Press | Reviews
Gershwin show is a rousing comeback
The Miami Herald
Christine Dolen
March 6, 2008
The Soul of Gershwin: The Musical Journey of an American Klezmer was born in Minnesota but has a little history in South Florida. It played Miami's Coconut Grove Playhouse in April 2002, and back then audiences and critics agreed that, in the words of a song by George and Ira Gershwin, 'S Wonderful.
Four years later, the show is back, this time at Fort Lauderdale's Parker Playhouse. Much has changed since the exuberant, insightful production visited South Florida the first time.
The Coconut Grove Playhouse is not, for the time being, a functioning theater. Arnold Mittelman, its producing artistic director for 25 years until the theater -- then about $4 million in the red -- was abruptly shuttered in 2006, has spent the past two years laying the groundwork for two new theater companies, the American Theater Festival and the National Jewish Theater. And The Soul of Gershwin, with a few cast and band changes but no loss of musical potency, has become symbolic of the kind of theater Mittelman would like to take to audiences in many cities in his return to producing.
The narrated revue by Joseph Vass, who serves as the show's musical director and pianist, is a jazzy, rousing, soulful exploration of the Jewish influences in George Gershwin's music. Actor Michael Paul Levin amiably portrays the man born Jacob Gershovitz, providing bits of Gershwin biography and explaining musical connections, and the storytelling serves its purpose. But it's the music that rightfully carries the show.
Vass and his terrific band Klezmerica -- violinist Carolyn Boulay, woodwind player Brian Grivna, trumpeter Dave Jensen, bass player Chris Bates and drummer Jay Epstein -- apparently can play anything. A little Rhapsody in Blue? No problem. Vass' own contemporary klezmer piece Dybbuk #2? Smashing. Selections from Porgy and Bess? They make you want to hear Gershwin's brilliant folk opera all over again.
The cast of three distinctive and abundantly gifted singers is just as musically versatile.
Bruce Henry sings in Yiddish, scats and dips into a spiritual soulfulness, delivers an Embraceable You full of yearning, makes you want to come along when he declares There's a Boat Dat's Leavin' Soon for New York. Robert Marinoff is the powerhouse guy, a moving cantorial singer who brings operatic power to Summertime -- which he sings first in Yiddish, then English.
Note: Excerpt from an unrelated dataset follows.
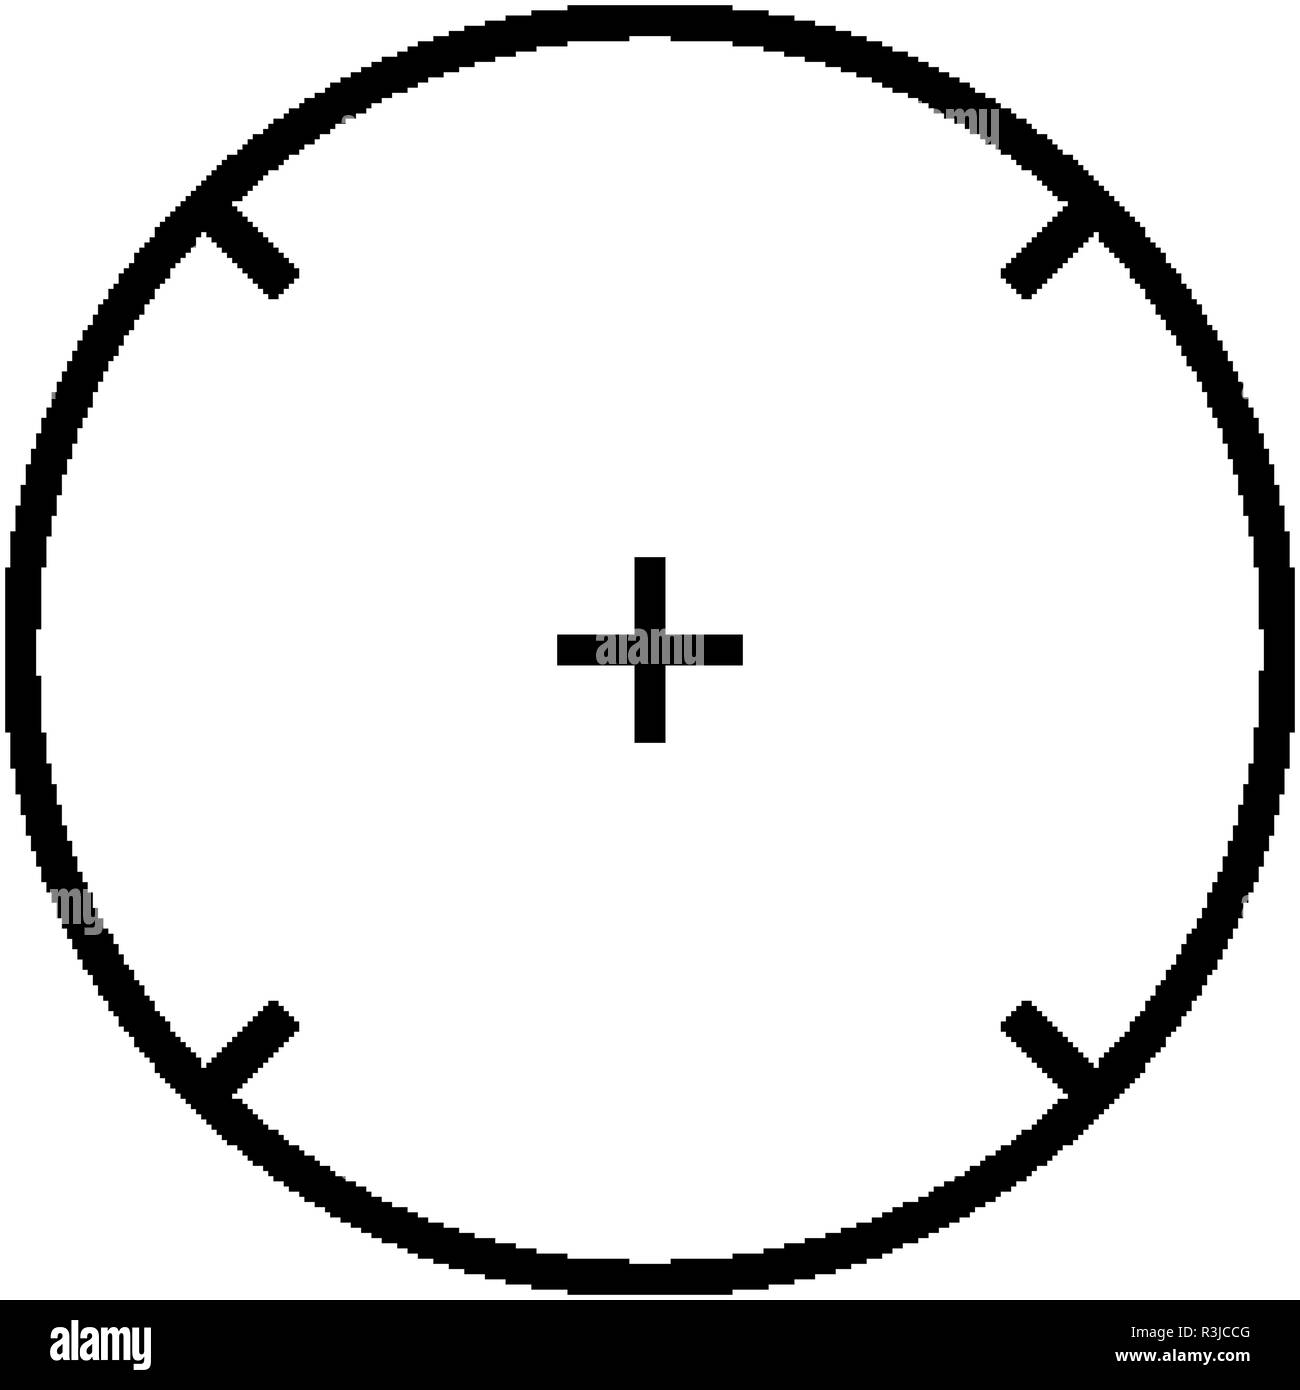 Simple sniper target black icon isolated on white background. Stock Vector

And Prudence Johnson, whose voice you will instantly recognize if you're a fan of National Public Radio's A Prairie Home Companion, is a velvet-voiced jazz diva who turns The Man I Love, Someone to Watch Over Me and a brilliantly interpreted It Ain't Necessarily So into reminders of how potent and pleasurable great singing can be.
Before each performance, actor Jack Klugman comes out to rally the audience and offer the opinion that Mittelman, for whom he worked several times at the Coconut Grove Playhouse, is ''a good guy.'' While it's nice to see Klugman onstage again, the sales pitch isn't necessary. The Soul of Gershwin is a thoroughly enjoyable new beginning for two companies and a veteran producer.